WHAT THE TASK ASKS: Restate the data exactly as given and keep the pictures out.

Stored data:
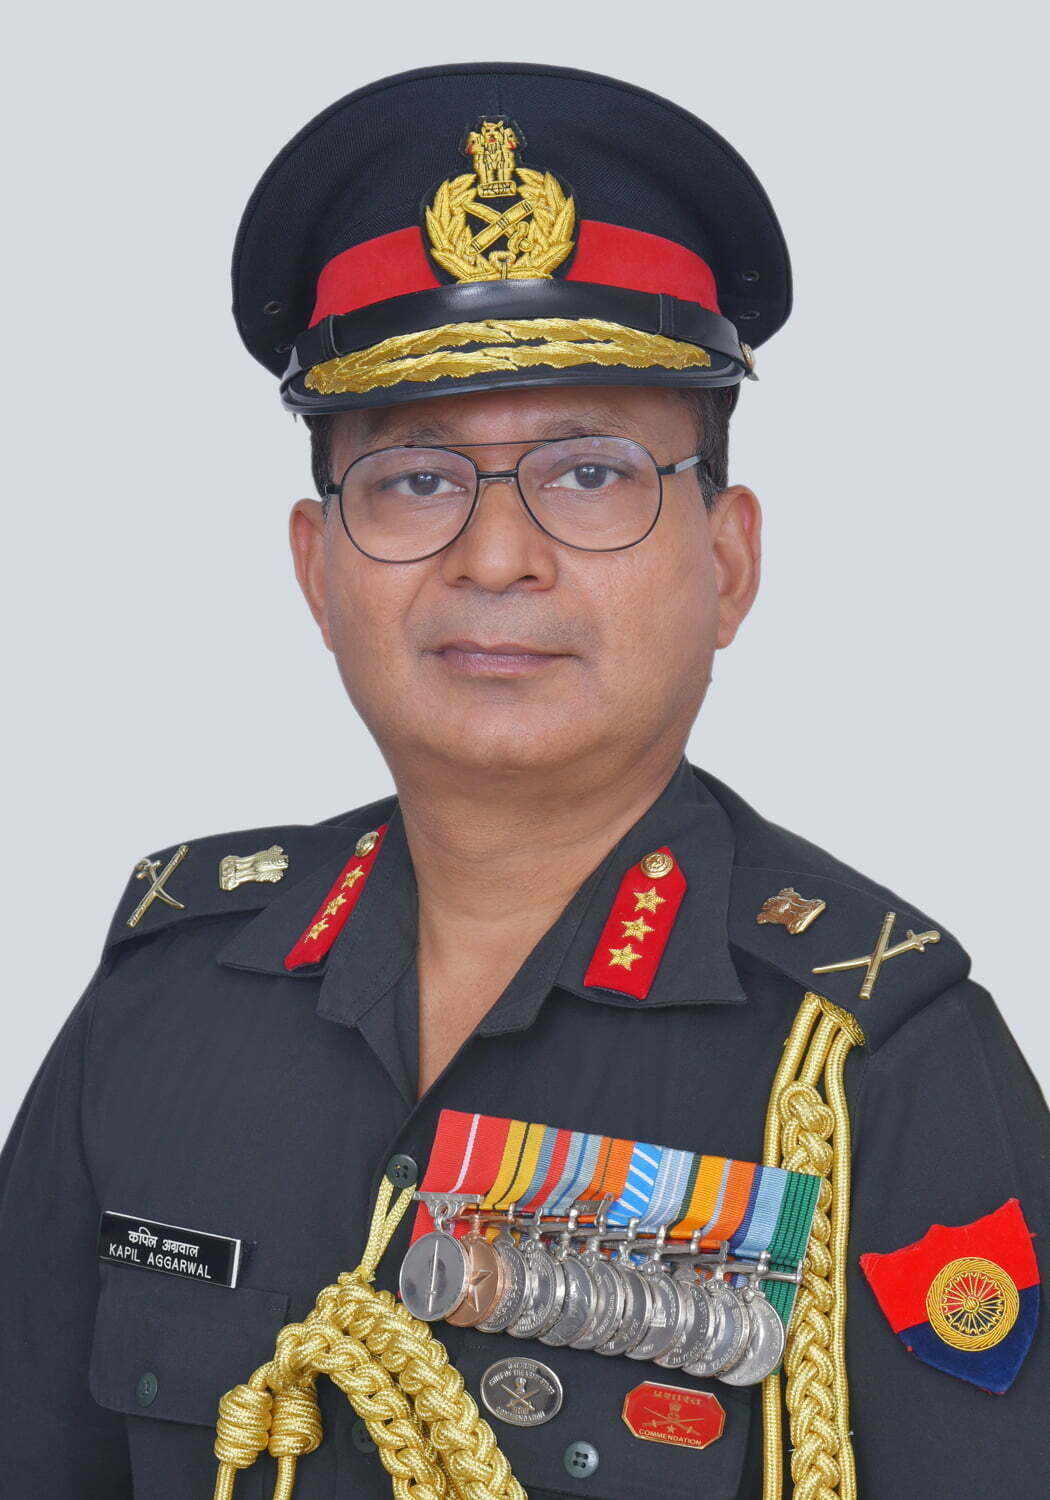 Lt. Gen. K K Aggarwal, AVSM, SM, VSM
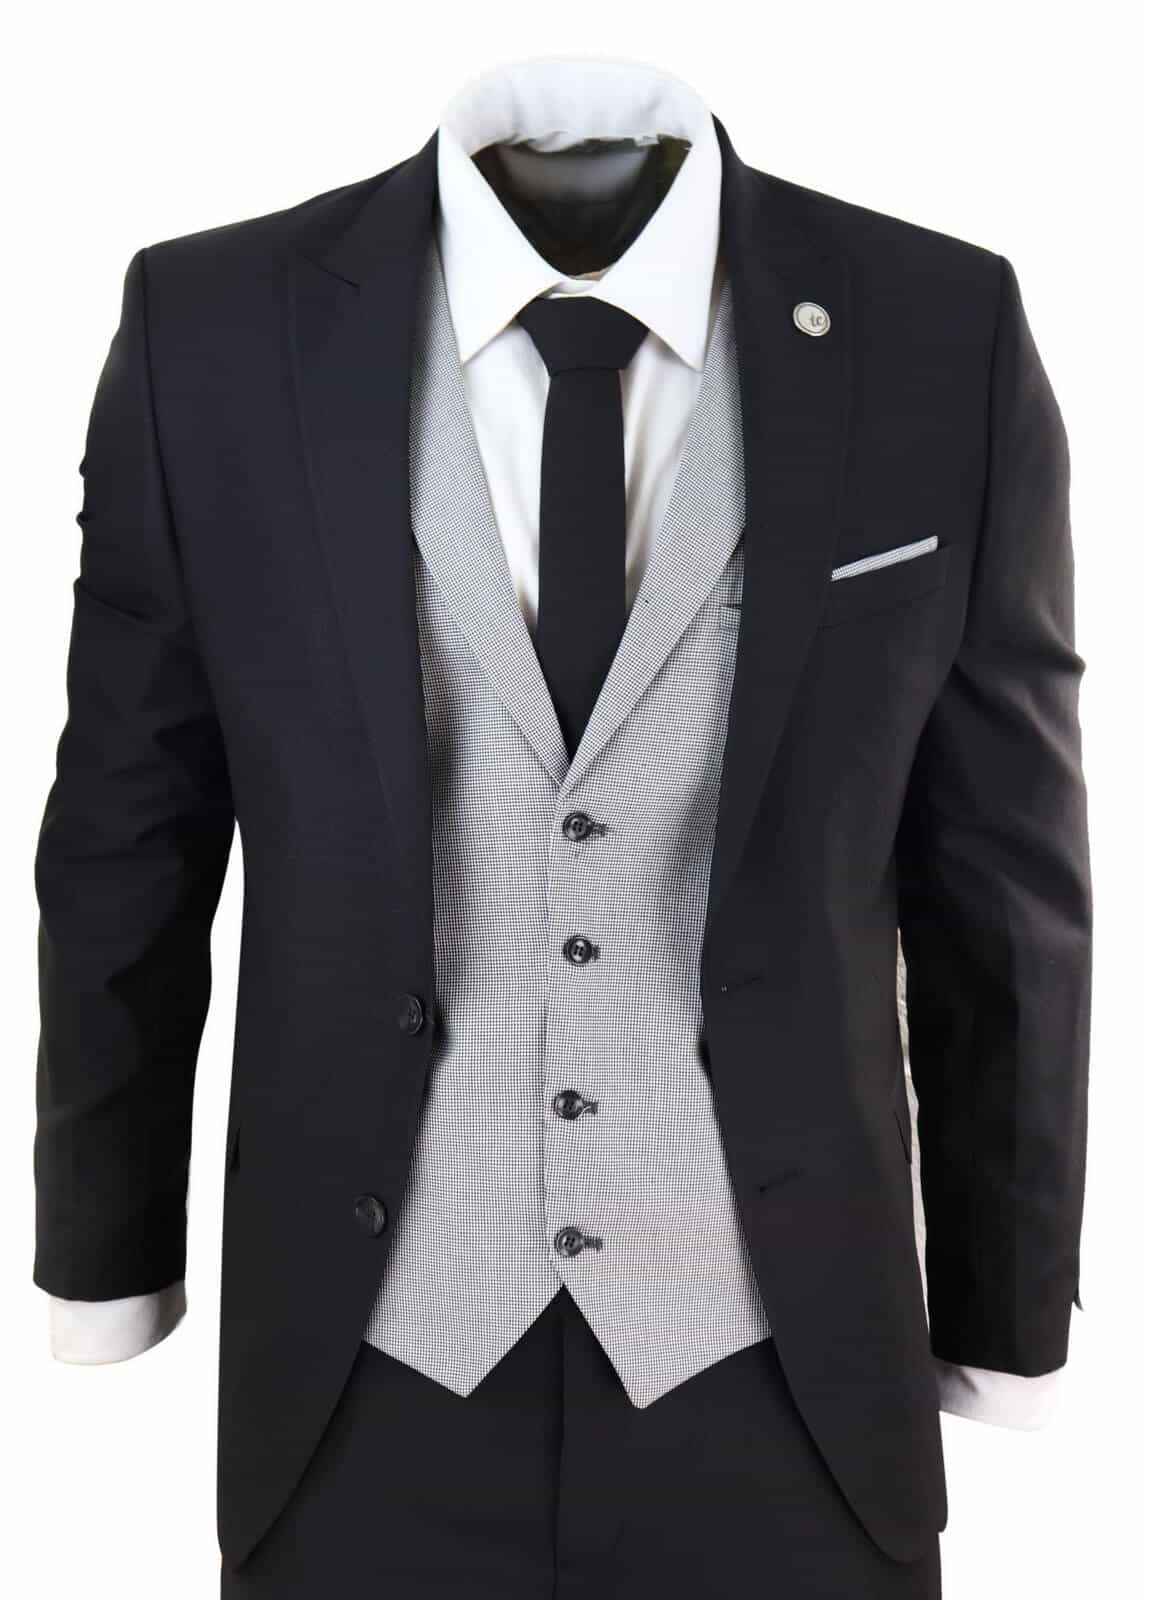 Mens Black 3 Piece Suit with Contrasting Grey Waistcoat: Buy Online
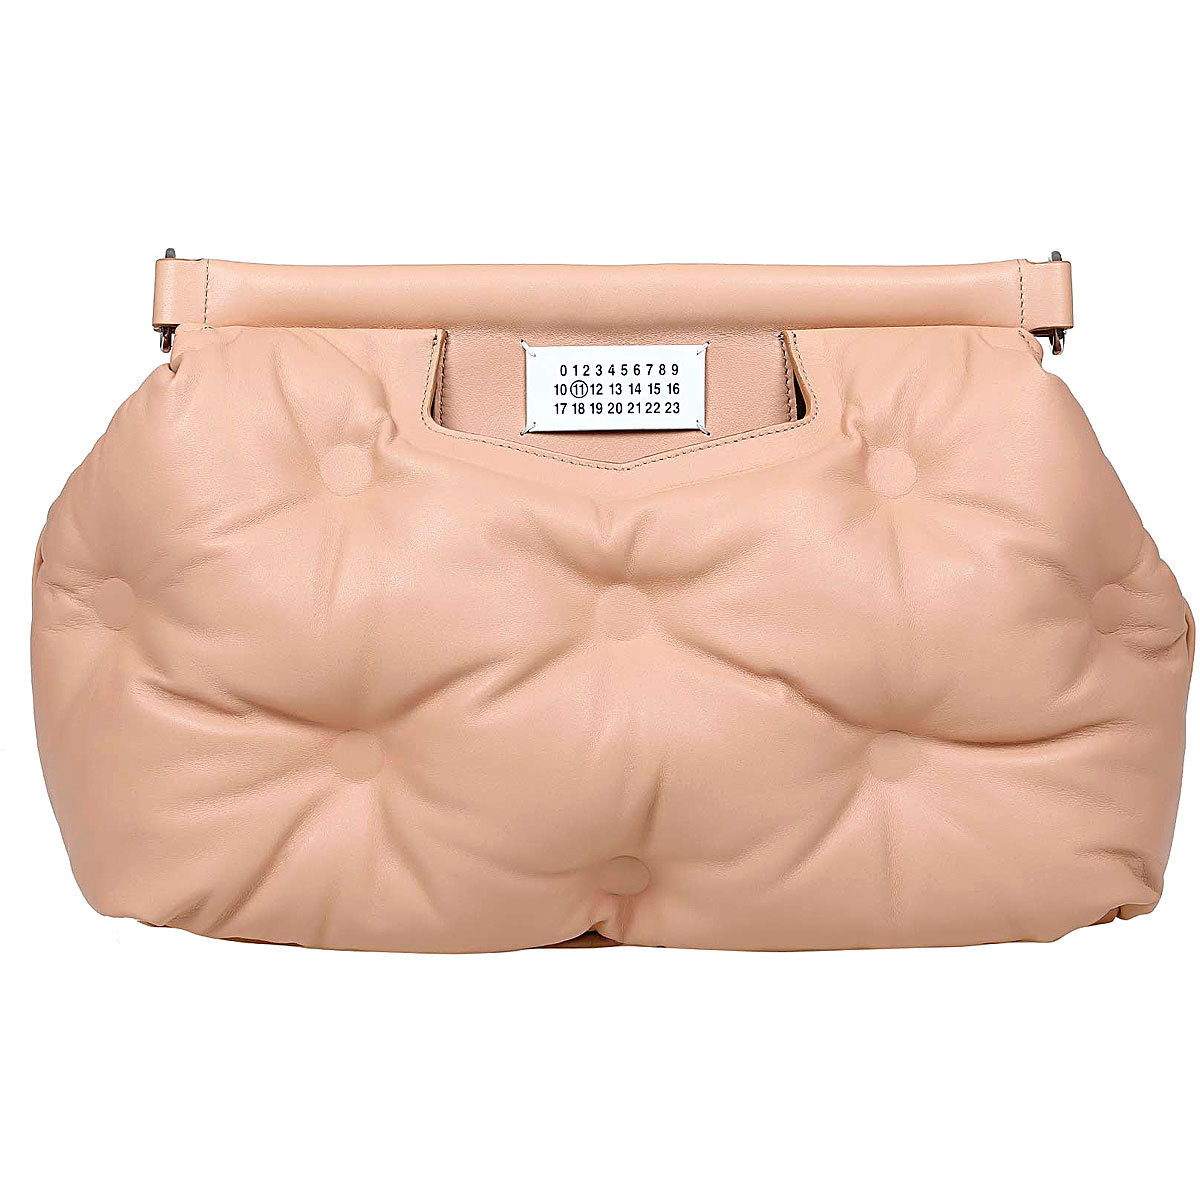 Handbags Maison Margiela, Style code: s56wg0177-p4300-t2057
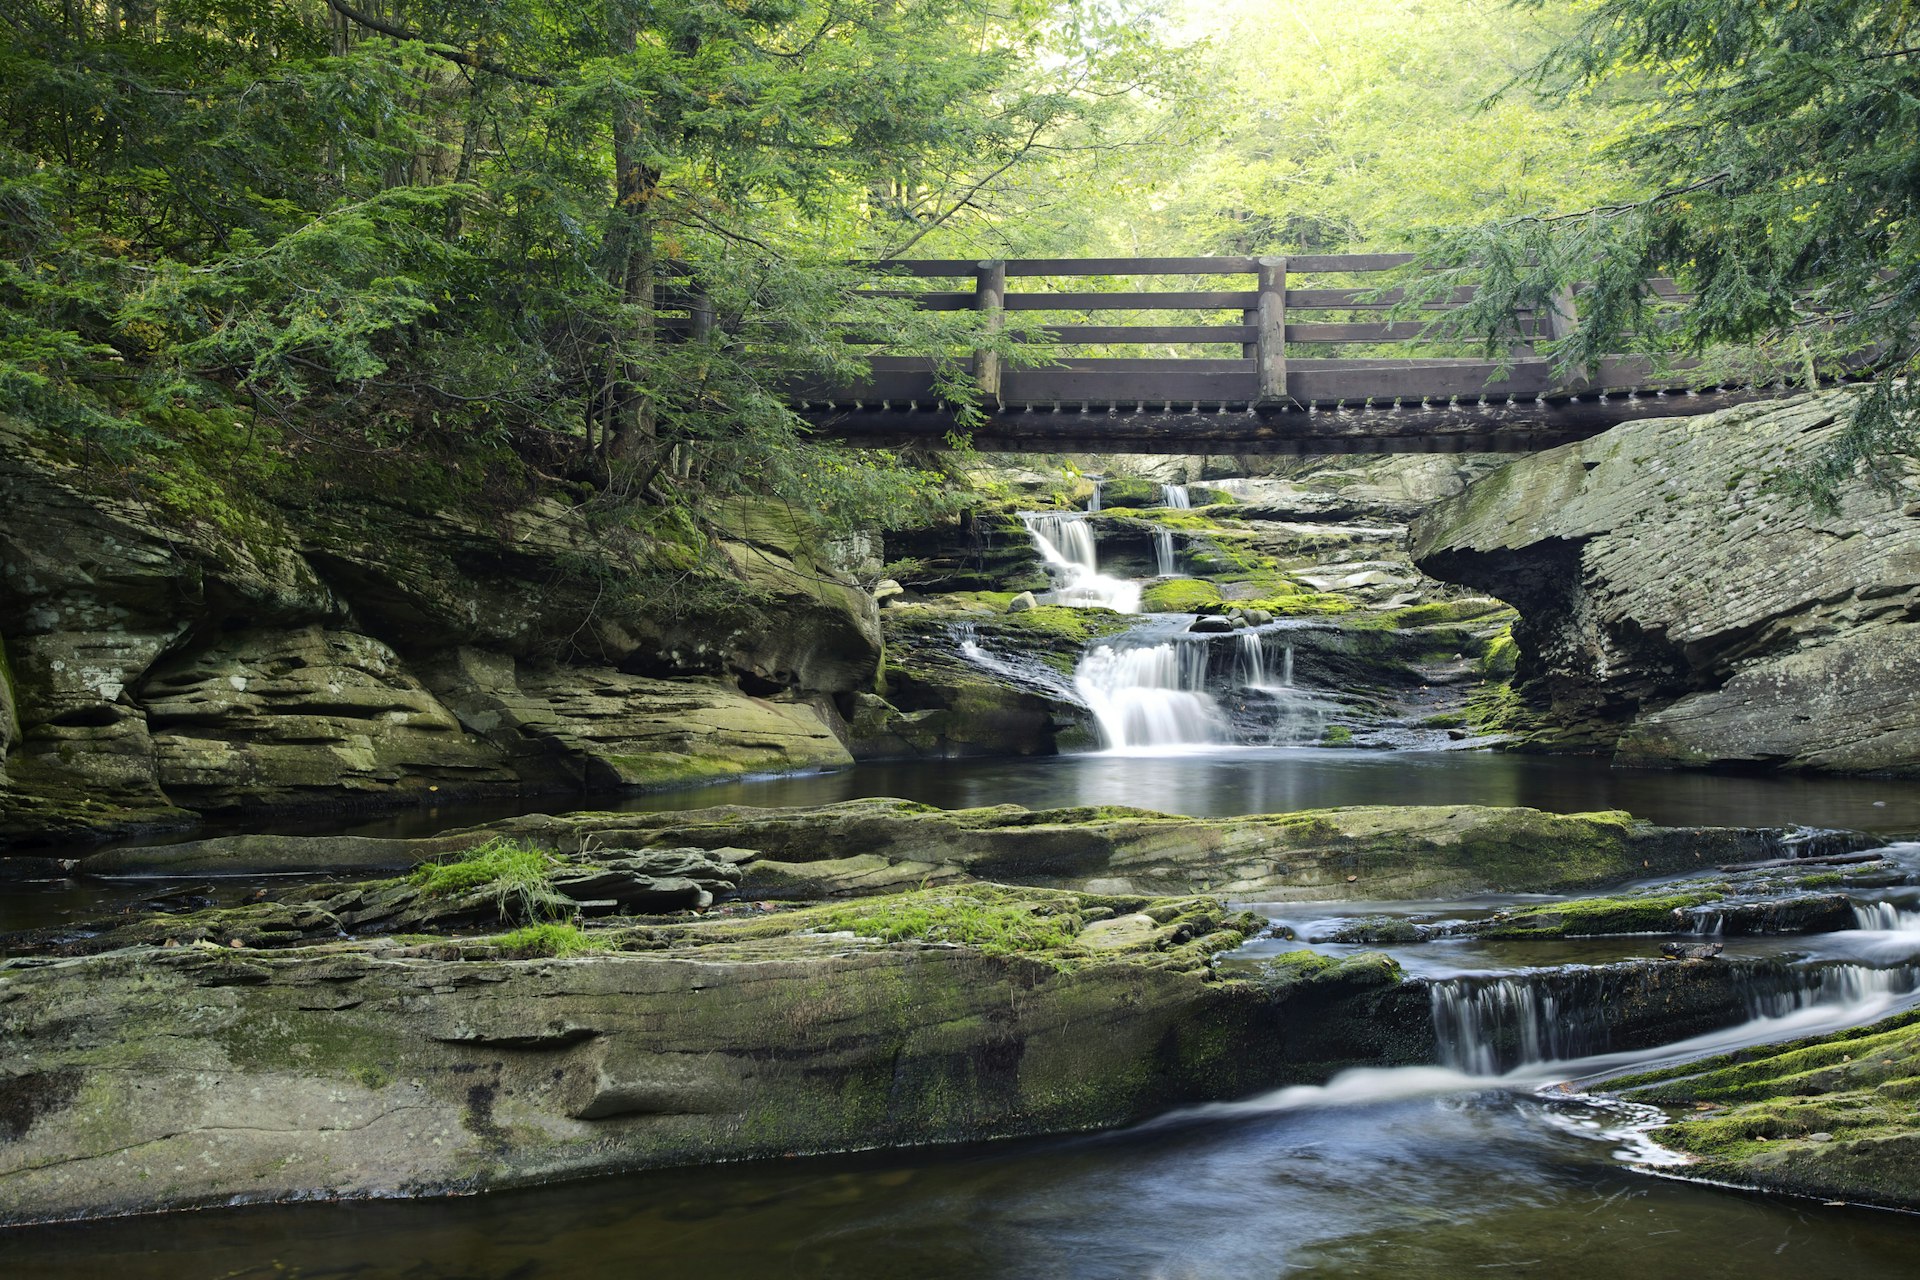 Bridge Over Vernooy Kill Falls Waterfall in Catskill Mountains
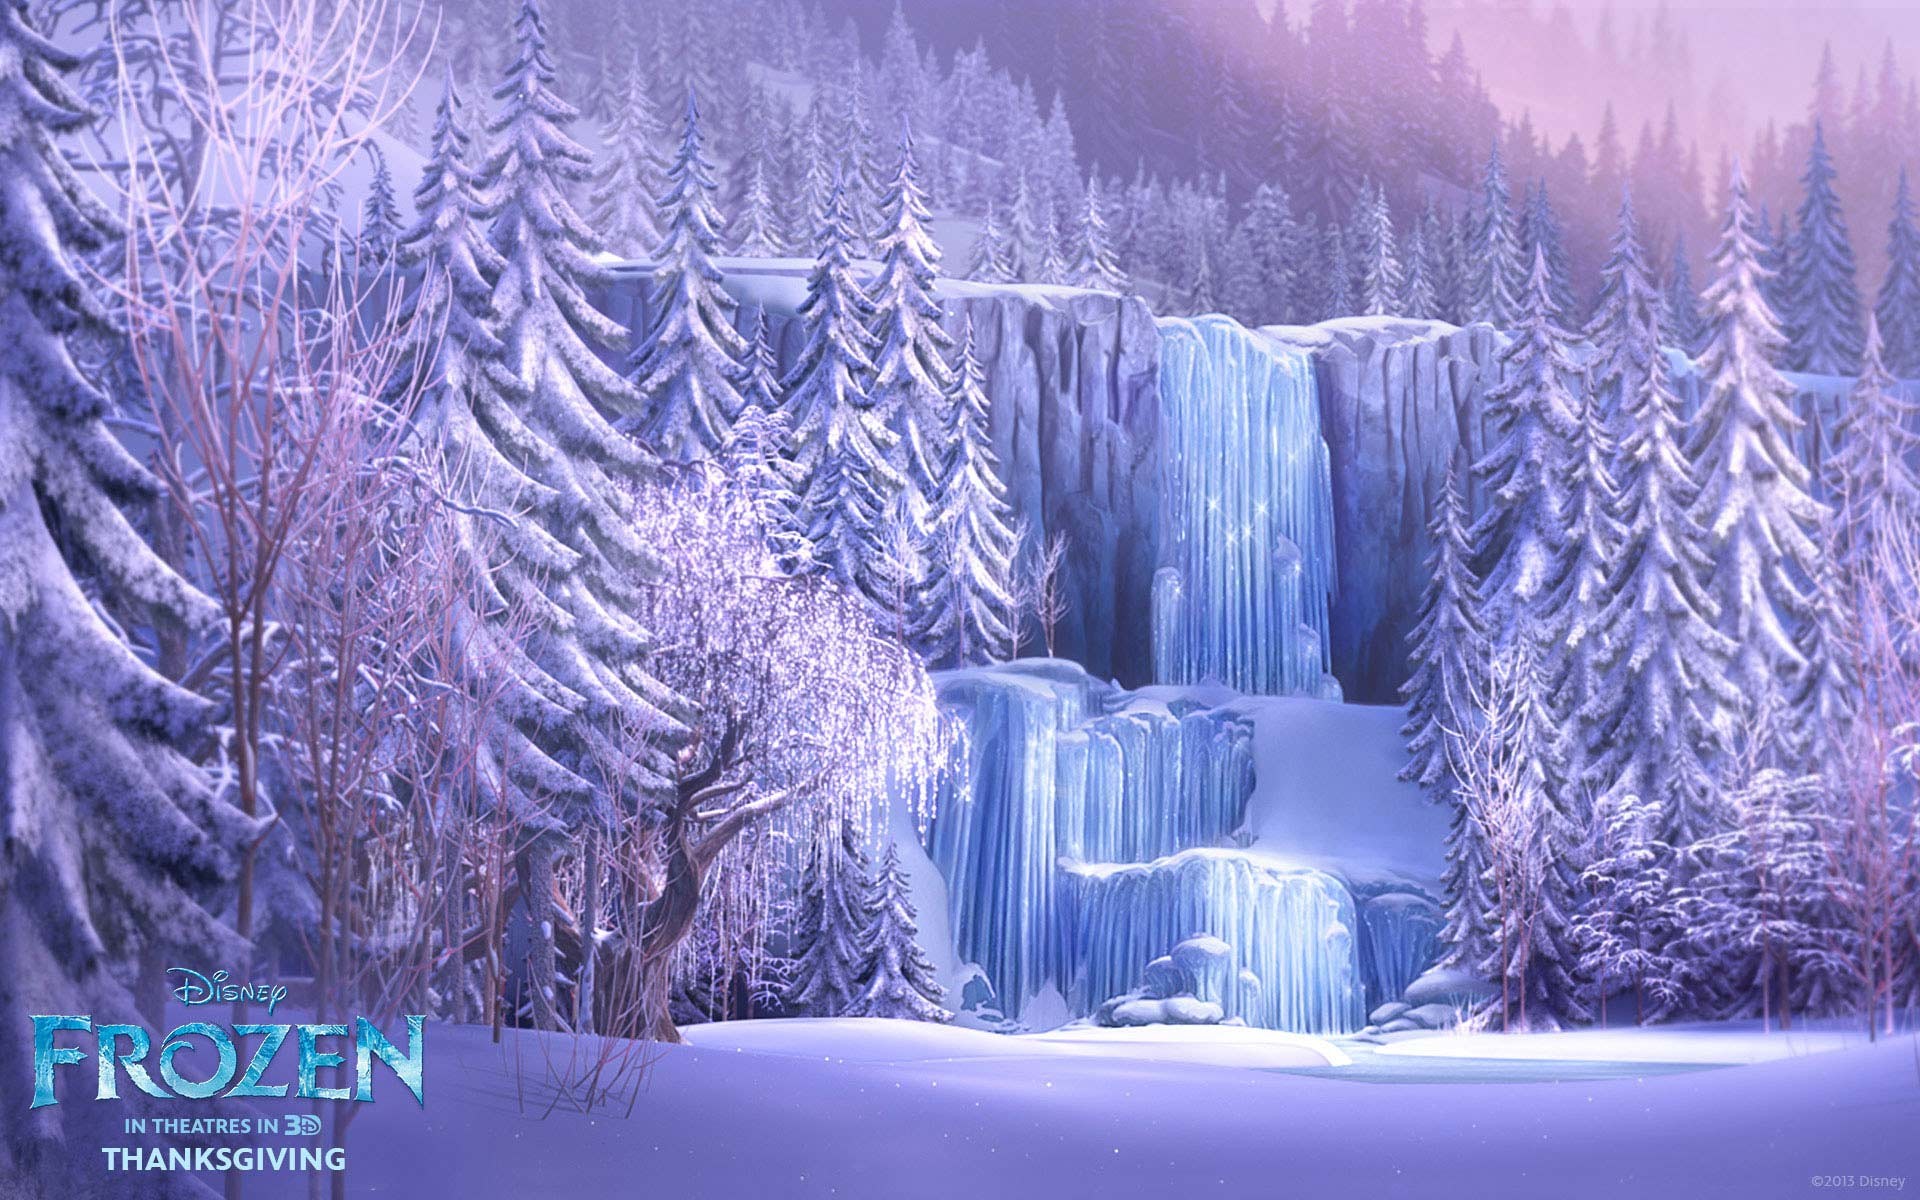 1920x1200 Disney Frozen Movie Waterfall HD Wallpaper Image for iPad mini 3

ANSWER FOR THE TASK:
 Lt. Gen. K K Aggarwal, AVSM, SM, VSM
 Mens Black 3 Piece Suit with Contrasting Grey Waistcoat: Buy Online
 Handbags Maison Margiela, Style code: s56wg0177-p4300-t2057
 Bridge Over Vernooy Kill Falls Waterfall in Catskill Mountains
 1920x1200 Disney Frozen Movie Waterfall HD Wallpaper Image for iPad mini 3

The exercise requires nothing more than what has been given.